Para que ocorra o processo de democratização é preciso que se construa o consenso, que reivindica a igualdade nos processos decisórios, e este só pode ocorrer em relações dialógicas e num trabalho pedagógico centrado na critica reflexiva que possibilite a existência de espaços para desencadear momentos de reflexão, tanto individuais quanto coletivos.
Pensar, discutir, refletir, agir.
Essa dinâmica precisa estar integrada ao fazer da escola democrática, sempre tendo em mente que o conceito de democracia é diluído se ele não se orienta pela possibilidade da realização das condições de vida ideais para o ser humano.
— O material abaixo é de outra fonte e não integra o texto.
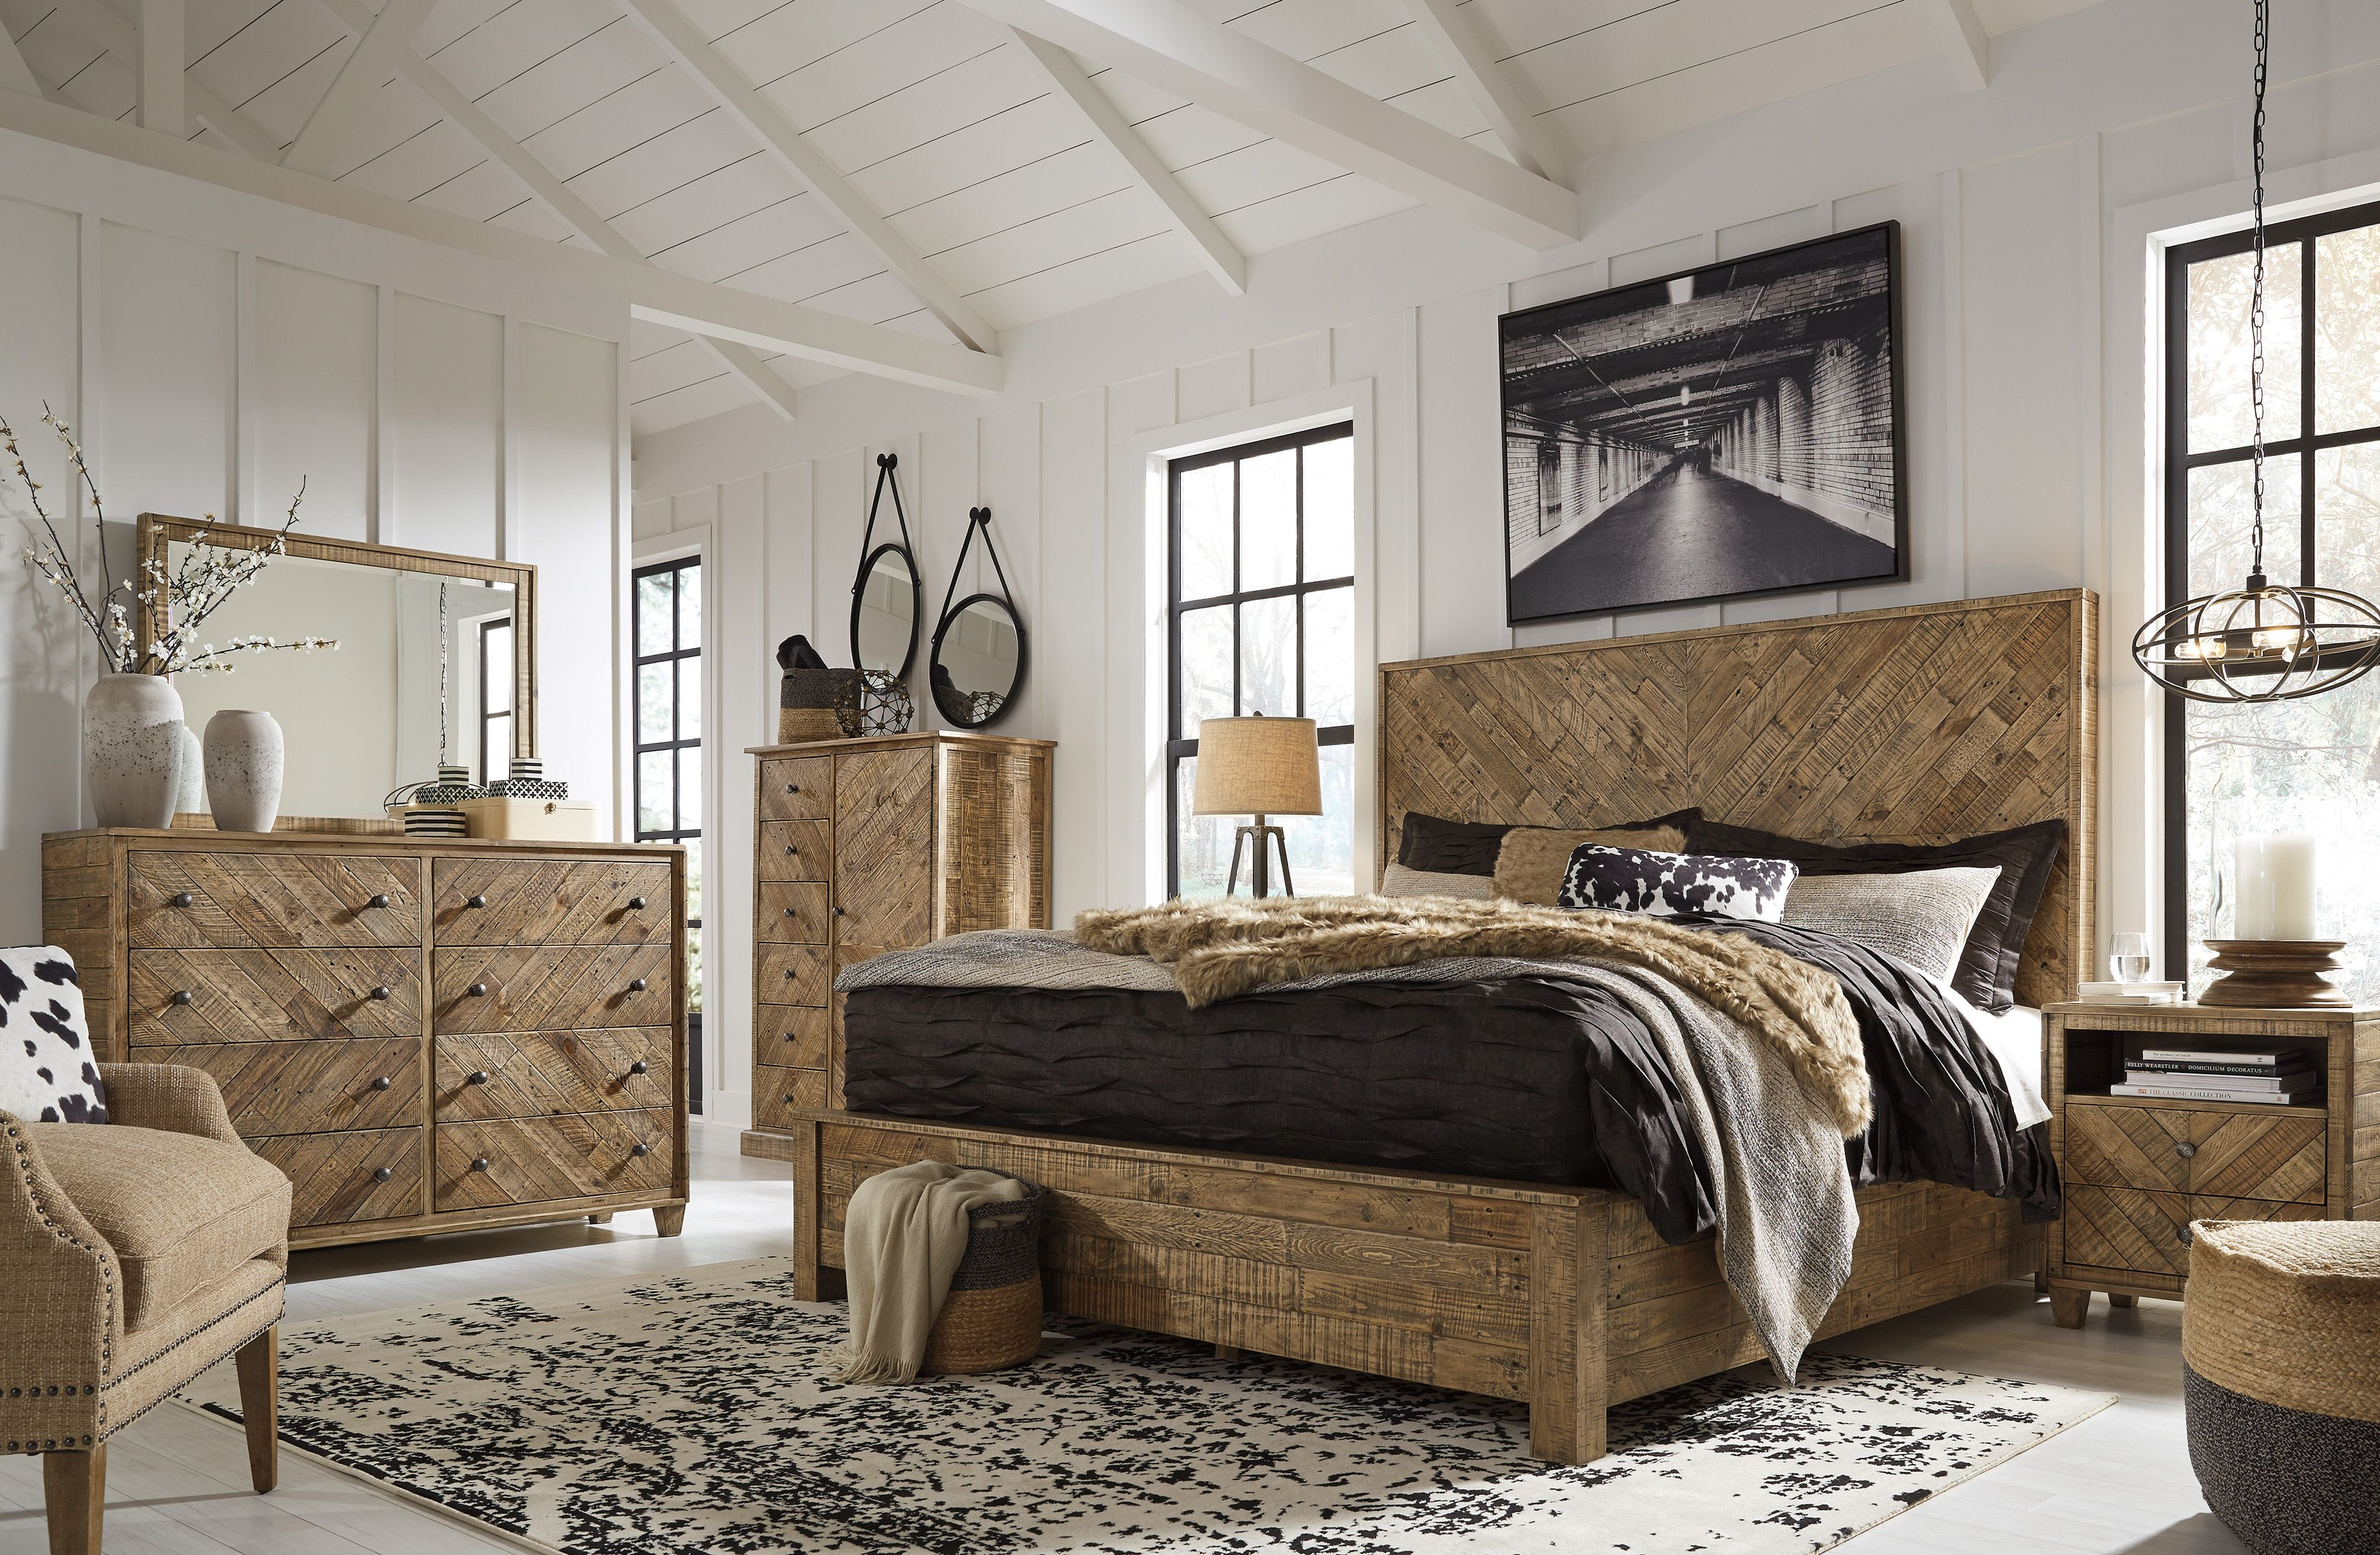 King 6pc Bedroom Set At Lucas Furniture In 2020 Light Brown Bedrooms King Bedroom Sets Bedroom Set

Eis uma gestão para as escolas contemporâneas: uma Gestão (de fato) Democrática.



REFERÊNCIAS.

__. WITTMAN, Lauro Carlos. Gestão Democrática.Curitiba,2007.
__.FREIRE, Paulo. Pedagogia da Autonomia: saberes necessários à prática educativa. São Paulo: Paz e Terra, 2001.
__.BRASIL. Lei no 9.394, de 20 de dezembro de 1996. Estabelece as diretrizes e bases da educação nacional. Diário Oficial da União, Brasília, 20 dez. 1996.
__.VEIGA, Ilma Passos Alencastro. Escola : Espaço do projeto político-pedagógico. Campinas, Papirus, 1998.